Question

Prove that \[\dfrac{{\cos A - \sin A + 1}}{{\cos A + \sin A - 1}} = \cos ecA + \cot A\]

Answer 1

Hint:
Here, we will divide the left hand side of the expression by \[\sin A\] and simplify it further to get the expression in the form of cosecant and cotangent function.
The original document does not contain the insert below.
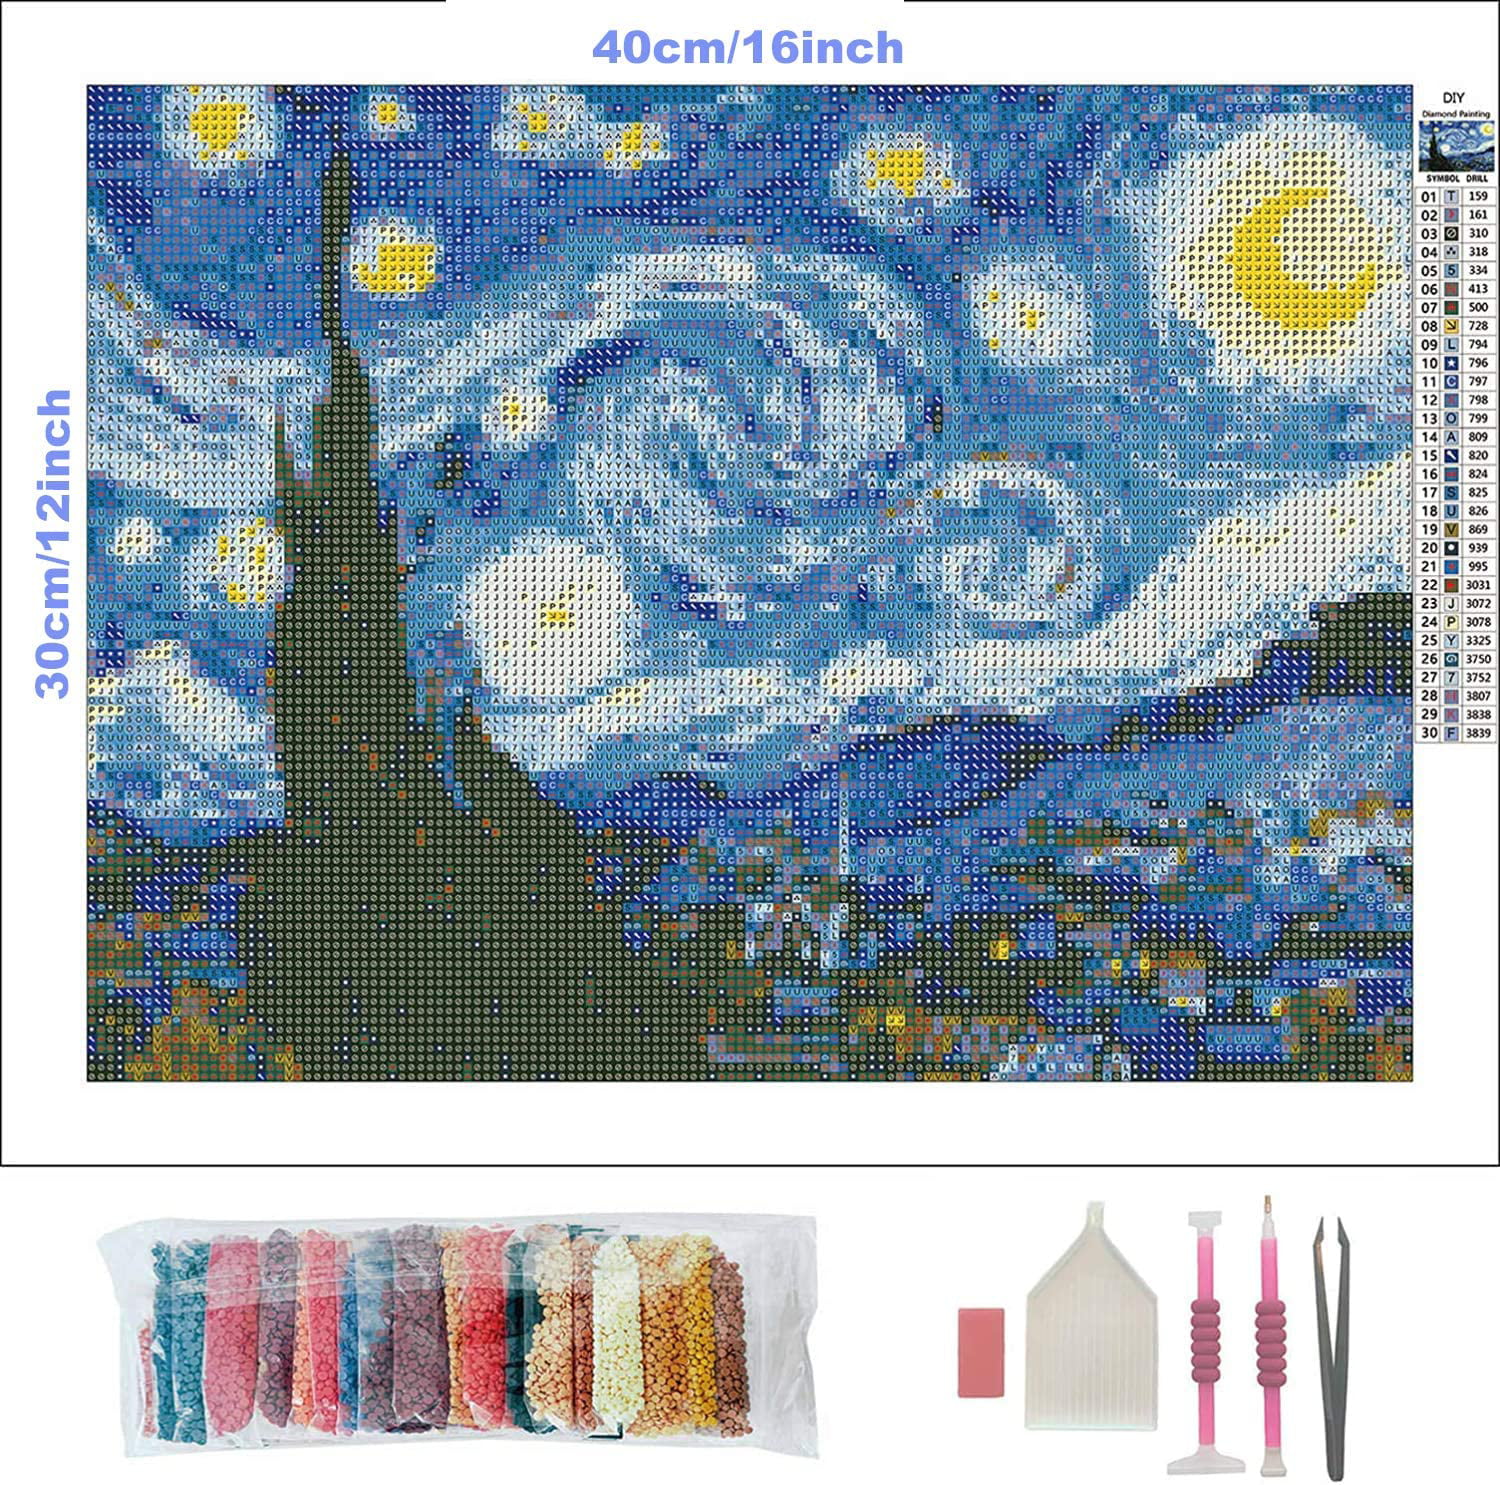 Decor Gift 11.8x15.7 Inches Van Goghs Famous Painting 5D Diamond Painting Kits Full Drill Rhinestone Painting By Number DIY Cross Stitch Embroidery Craft for Adults Starry Night

We will then use suitable trigonometric and algebraic identity to simplify the expression further and prove that the given fraction in the LHS is equal to the sum of trigonometric functions in the RHS.
Formula Used:
We will use the following formulas:
\[1 = \cos e{c^2}A - {\cot ^2}A\]
\[{a^2} - {b^2} = \left( {a - b} \right)\left( {a + b} \right)\]

Complete step by step solution:
We will first take into consideration the left hand side of the equation.
LHS \[ = \dfrac{{\cos A - \sin A + 1}}{{\cos A + \sin A - 1}}\]
Now, dividing both the numerator as well as denominator by \[\sin A\], we get,
\[ \Rightarrow \] LHS \[ = \dfrac{{\dfrac{{\cos A}}{{\sin A}} - \dfrac{{\sin A}}{{\sin A}} + \dfrac{1}{{\sin A}}}}{{\dfrac{{\cos A}}{{\sin A}} + \dfrac{{\sin A}}{{\sin A}} - \dfrac{1}{{\sin A}}}}\]
Using \[\dfrac{{\cos A}}{{\sin A}} = \cot A\] and \[\cos ecA = \dfrac{1}{{\sin A}}\], we get
\[ \Rightarrow \] LHS \[ = \dfrac{{\cot A - 1 + \cos ecA}}{{\cot A + 1 - \cos ecA}}\]
Now substituting \[1 = \cos e{c^2}A - {\cot ^2}A\] in the numerator, we get
\[ \Rightarrow \] LHS \[ = \dfrac{{\cot A + \cos ecA - \left( {\cos e{c^2}A - {{\cot }^2}A} \right)}}{{\cot A + 1 - \cos ecA}}\]
Using the identity \[{a^2} - {b^2} = \left( {a - b} \right)\left( {a + b} \right)\], we get,
\[ \Rightarrow \] LHS \[ = \dfrac{{\cot A + \cos ecA - \left( {\cos ecA - \cot A} \right)\left( {\cos ecA + \cot A} \right)}}{{\cot A + 1 - \cos ecA}}\]
Factoring out common terms in the numerator, we get
\[ \Rightarrow \] LHS \[ = \dfrac{{\left( {\cos ecA + \cot A} \right)\left( {1 - \cos ecA + \cot A} \right)}}{{\cot A + 1 - \cos ecA}}\]
Cancelling out the same brackets from the numerator and the denominator,
\[ \Rightarrow \] LHS \[ = \cos ecA + \cot A = \] RHS

Therefore, \[\dfrac{{\cos A - \sin A + 1}}{{\cos A + \sin A - 1}} = \cos ecA + \cot A\]
Hence, proved

Note:
Here, we have considered the left side of the equation because it is easier to convert sine and cosine functions into other trigonometric functions. If we would have solved the equation from the right hand side then the solution would have been more complicated. There are six trigonometric functions but it has three basic trigonometric functions and they are sine, cosine and tangent functions. The other three functions are derived from these basic functions. The application of trigonometry is highly utilized in the field of engineering, architecture, etc. It helps to calculate the height and distance of objects and it is also used for navigation by ships and airplanes etc.